Later, Call My Name (I dare you) returned to the new album’s emotional landscape with confidence and vulnerability existing side by side. By this stage, the audience had become completely invested. Every lyric seemed to land with increasing intimacy.

Towards the close came a beautifully understated reading of I Get Along Without You Very Well, followed by Jimmy Webb’s timeless Wichita Lineman. Some songs resist reinterpretation, yet Zuraitis approached it with humility, allowing the melody and lyric to breathe rather than trying to reinvent a masterpiece. It was a fitting way to draw the evening towards its conclusion.

As we stepped back onto Frith Street, the conversations continued long after the applause had faded.

People were not discussing vocal technique or Grammy Awards.They were talking about stories.

About lyrics that had unexpectedly found them.
About laughter that had arrived moments before heartbreak.
About songs that, for a couple of hours, seemed to belong to everyone in the room.
Perhaps that is the greatest compliment any songwriter can receive.

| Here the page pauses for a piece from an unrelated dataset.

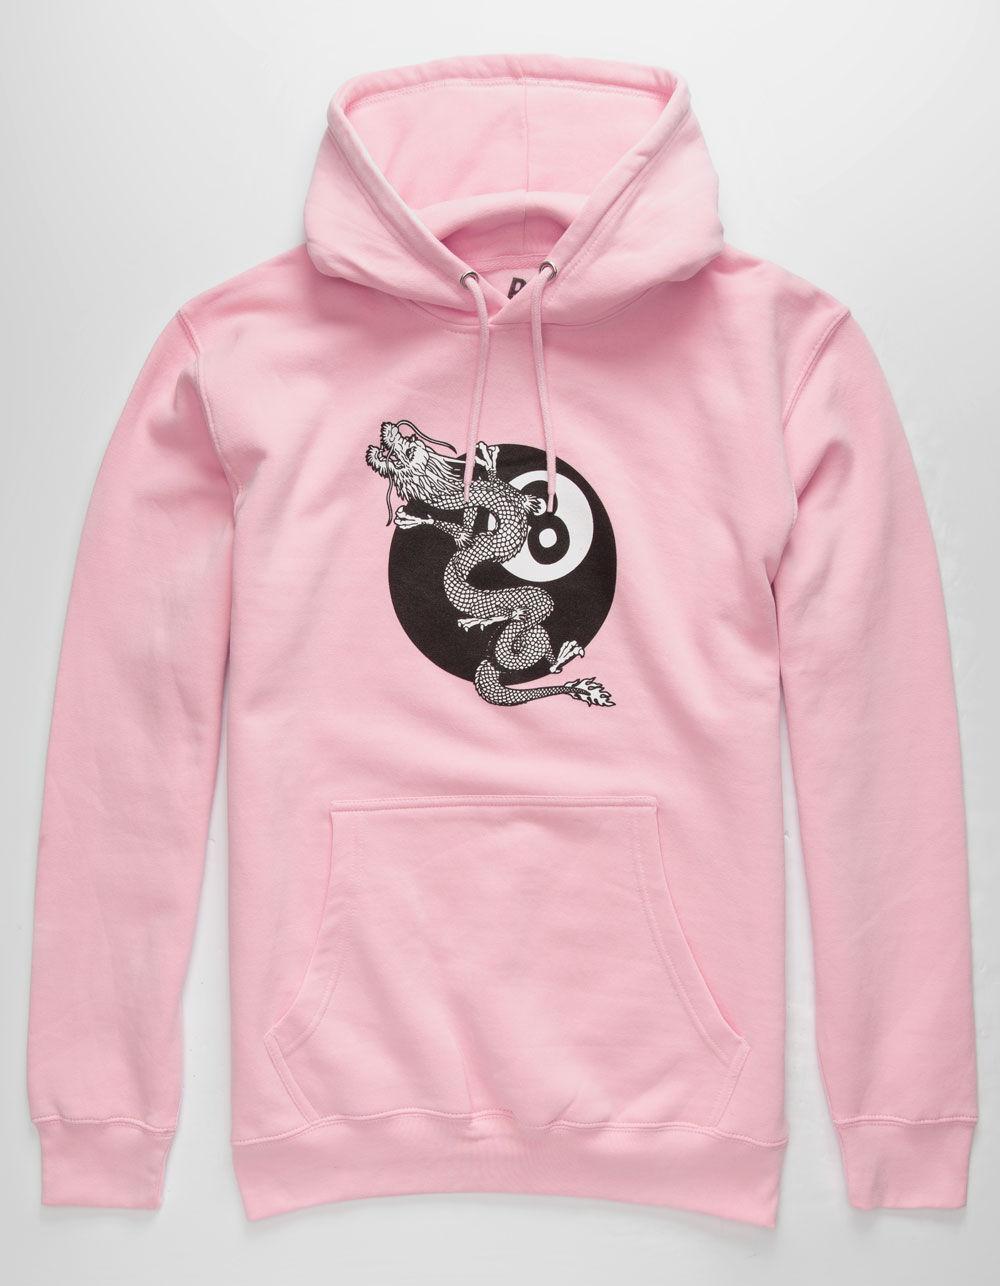 RSQ Billiards Pink Hoodie
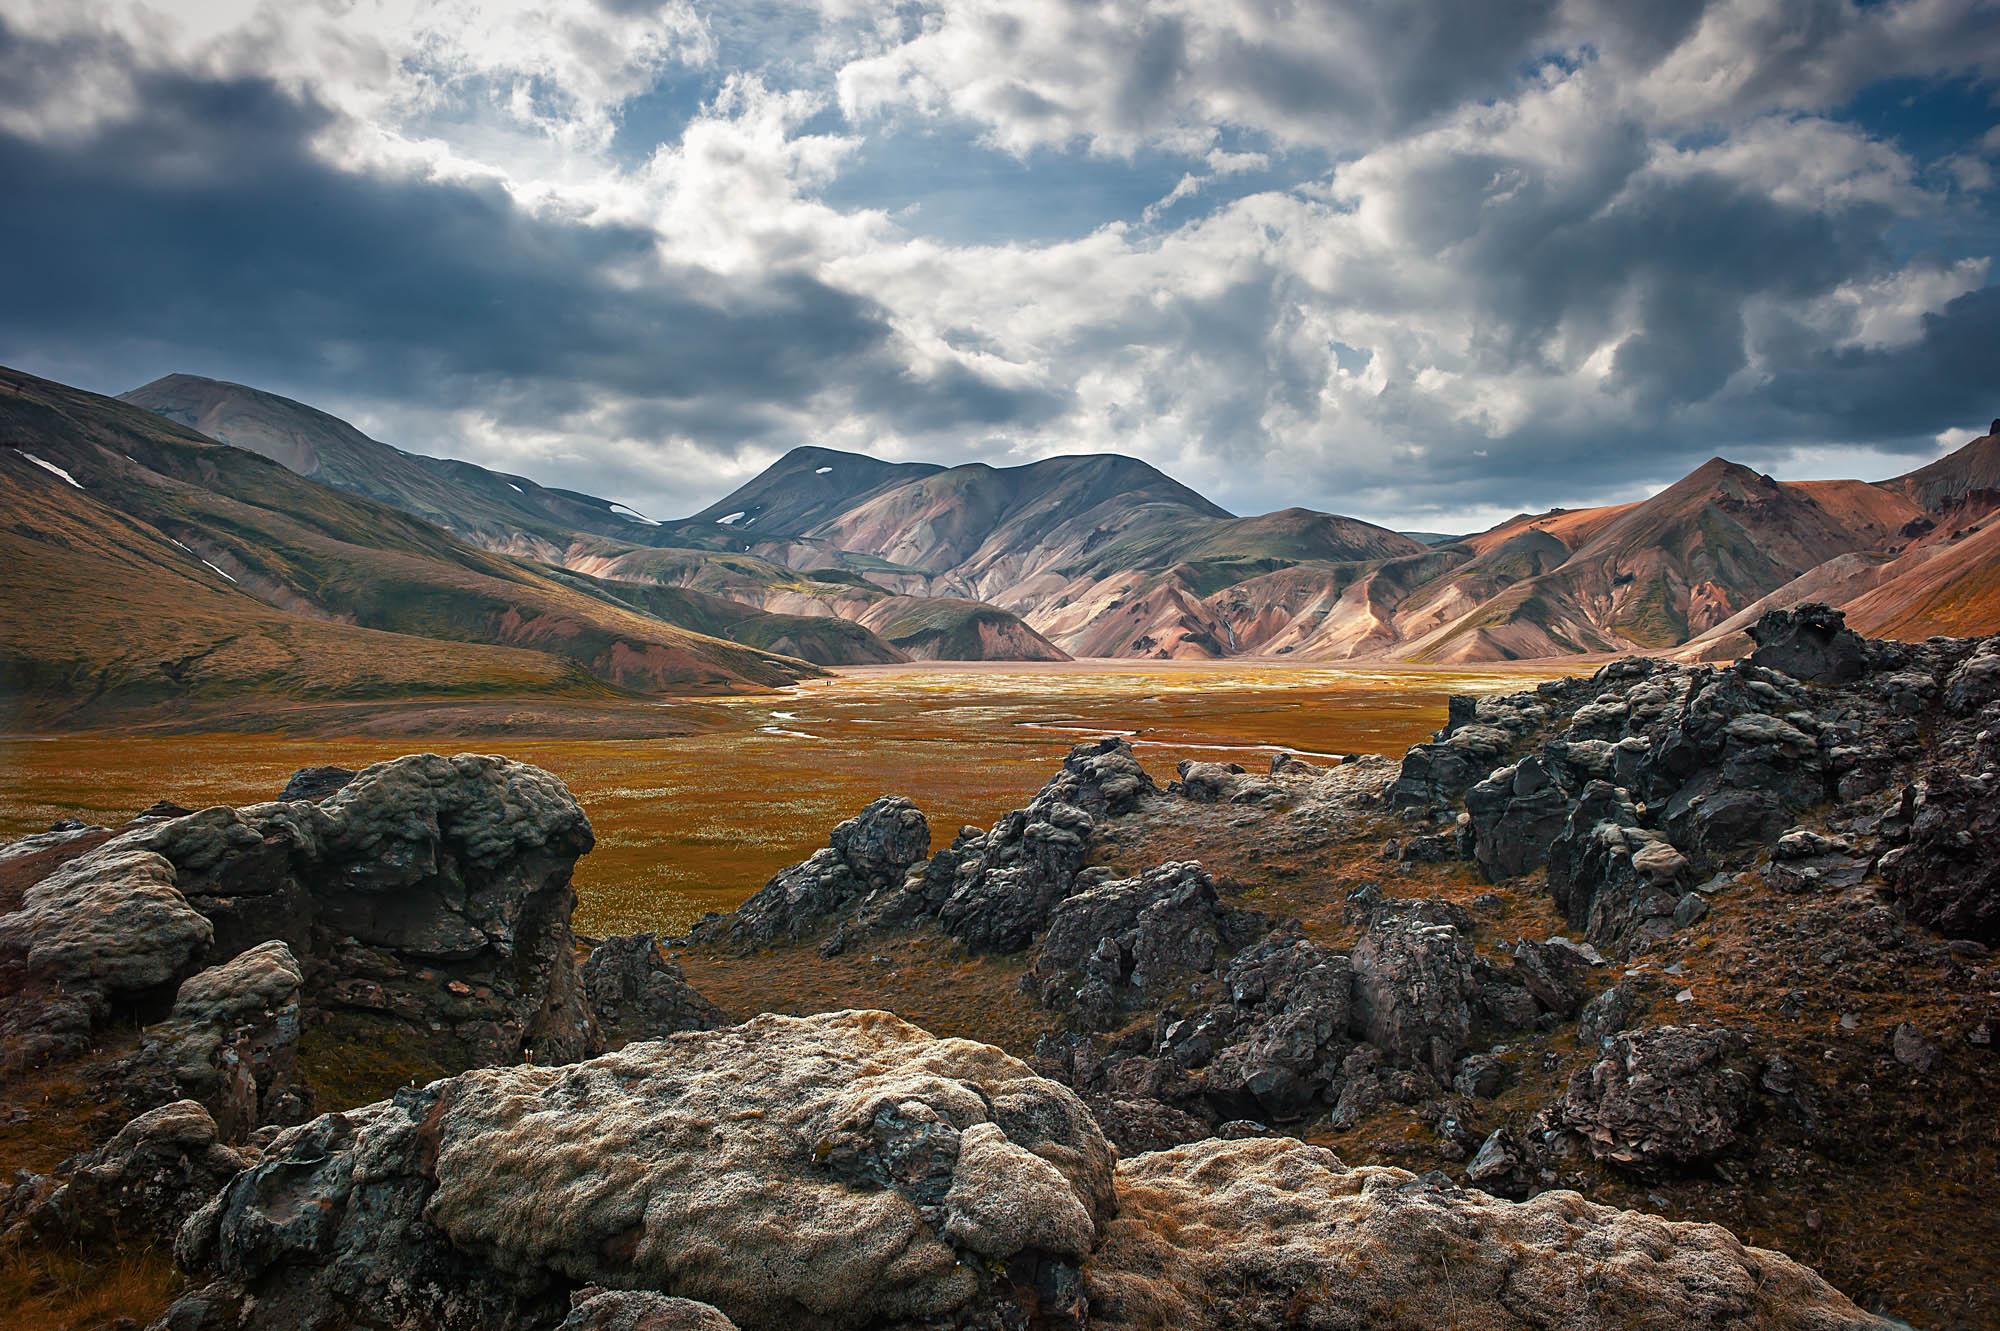 landmannalaugar tour from reykjavik

Nicole Zuraitis invited an audience into her world for an evening, but somehow everyone left believing that a small part of it had become their own.

I cannot help thinking Ronnie Scott himself would have appreciated that. Indeed, I suspect he would have admired not only the extraordinary musicianship on display, but the generosity with which it was shared.

After all, the finest raconteurs know that the story is never really about them.